18 de abril de 2011 a las 14:28

Como se puede apreciar fácilmente en el blog Vigías, son constantes nuestros artículos y referencias a actividades de formación. Una prueba evidente es que hemos mantenido durante mucho tiempo la información sobre las “VI Jornadas”, que se van a celebrar en la Universidad de A Coruña durante los días 28, 29, 30 de abril y 1 de mayo, a las que esperamos que os animéis a asistir. El motivo de esta constancia está muy claro: estamos convencidos de que en la salud, y aún más en las emergencias, ámbito al que pertenece el socorrismo acuático, se debe insistir por razones lógicas en la necesidad de poseer una “formación actualizada”, que asegure conocimientos y habilidades para intervenciones que permitan el mejor resultado posible que beneficie a las personas o víctimas de accidentes y situaciones de emergencia.

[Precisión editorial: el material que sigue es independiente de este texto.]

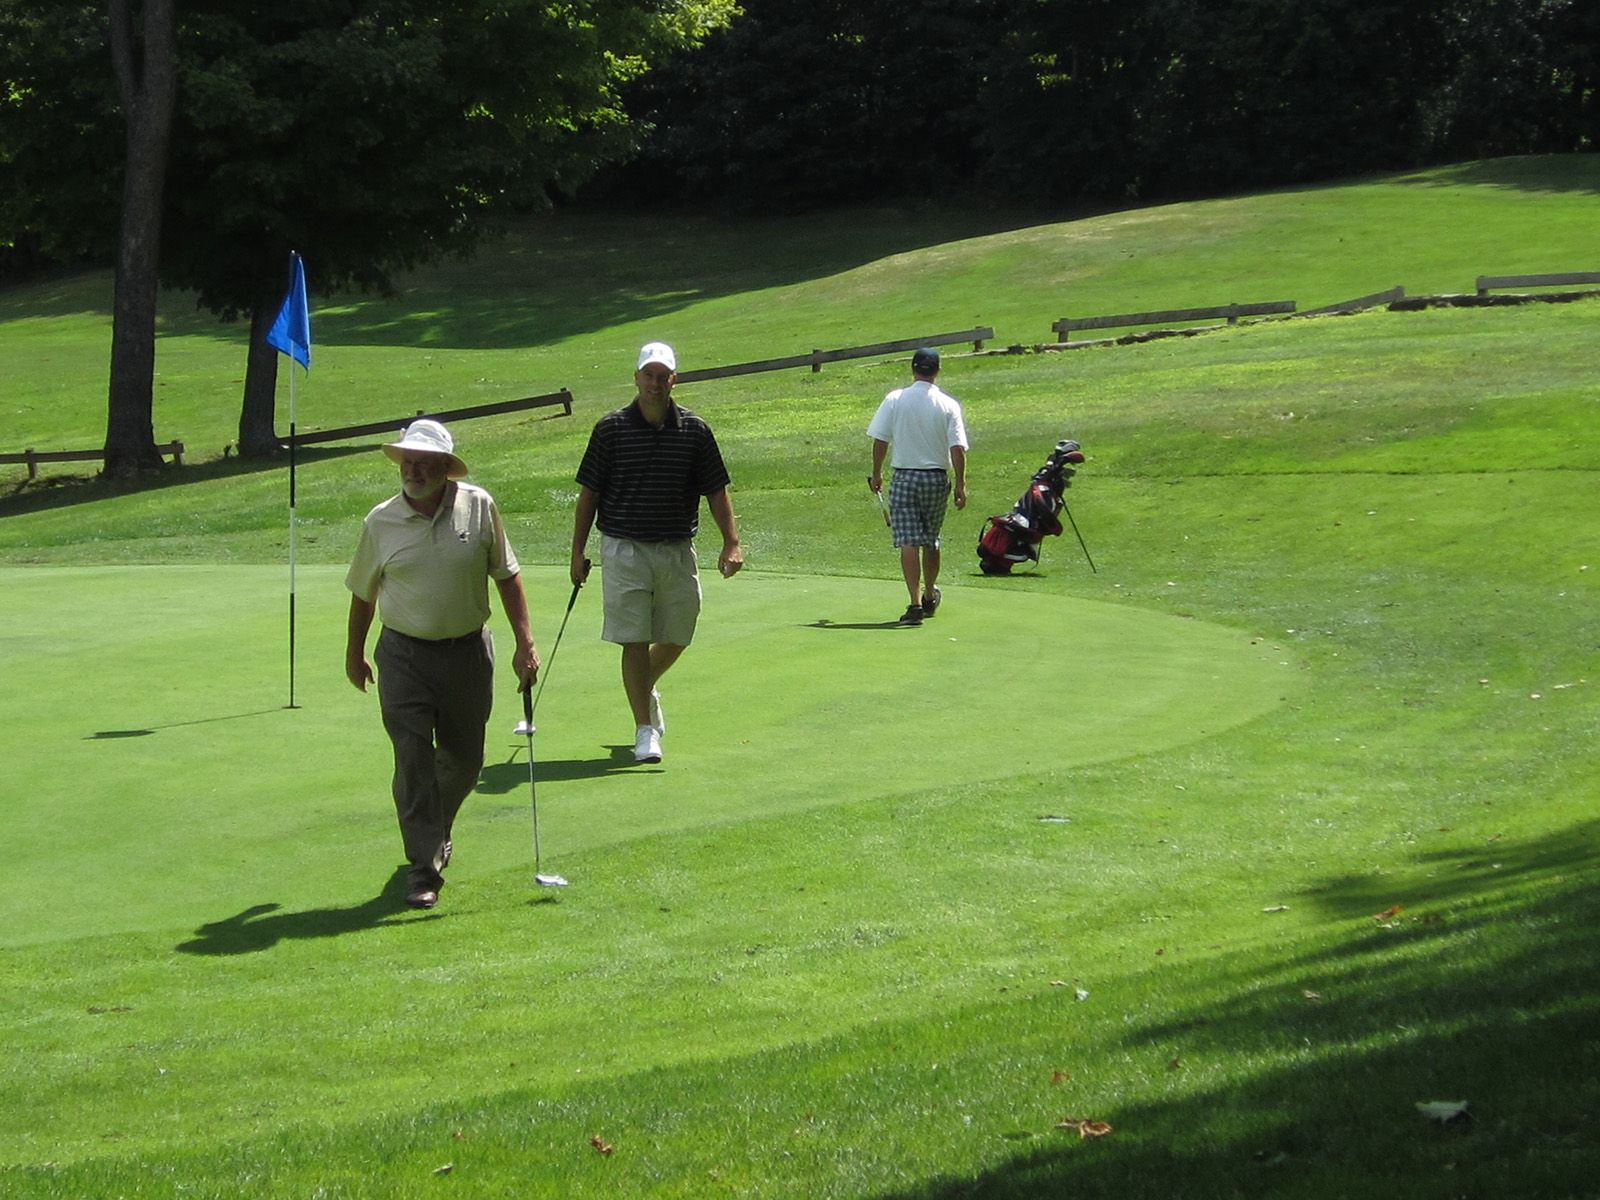 Country Club Member Golf Photo Gallery Skyline Country Club Lanesborough Massachusetts Play Golf Country Club Skyline

En nuestra opinión, para este proceso es preferible utilizar el concepto de “formación continuada”, puesto que conlleva una idea de estabilidad y permanencia, de estar en un proceso formativo constante en el que no hay paradas o esperas como sucede en las actividades de formación puntual, muchas veces escasas e inútiles.

Por eso no nos gusta, ni utilizamos, la palabra “reciclaje”. Hay que decir que hoy día el verbo reciclar y la palabra reciclaje se usan más para materiales y cosas, siendo precisamente uno de los puntos clave de la moderna ecología (una de las tres “R”).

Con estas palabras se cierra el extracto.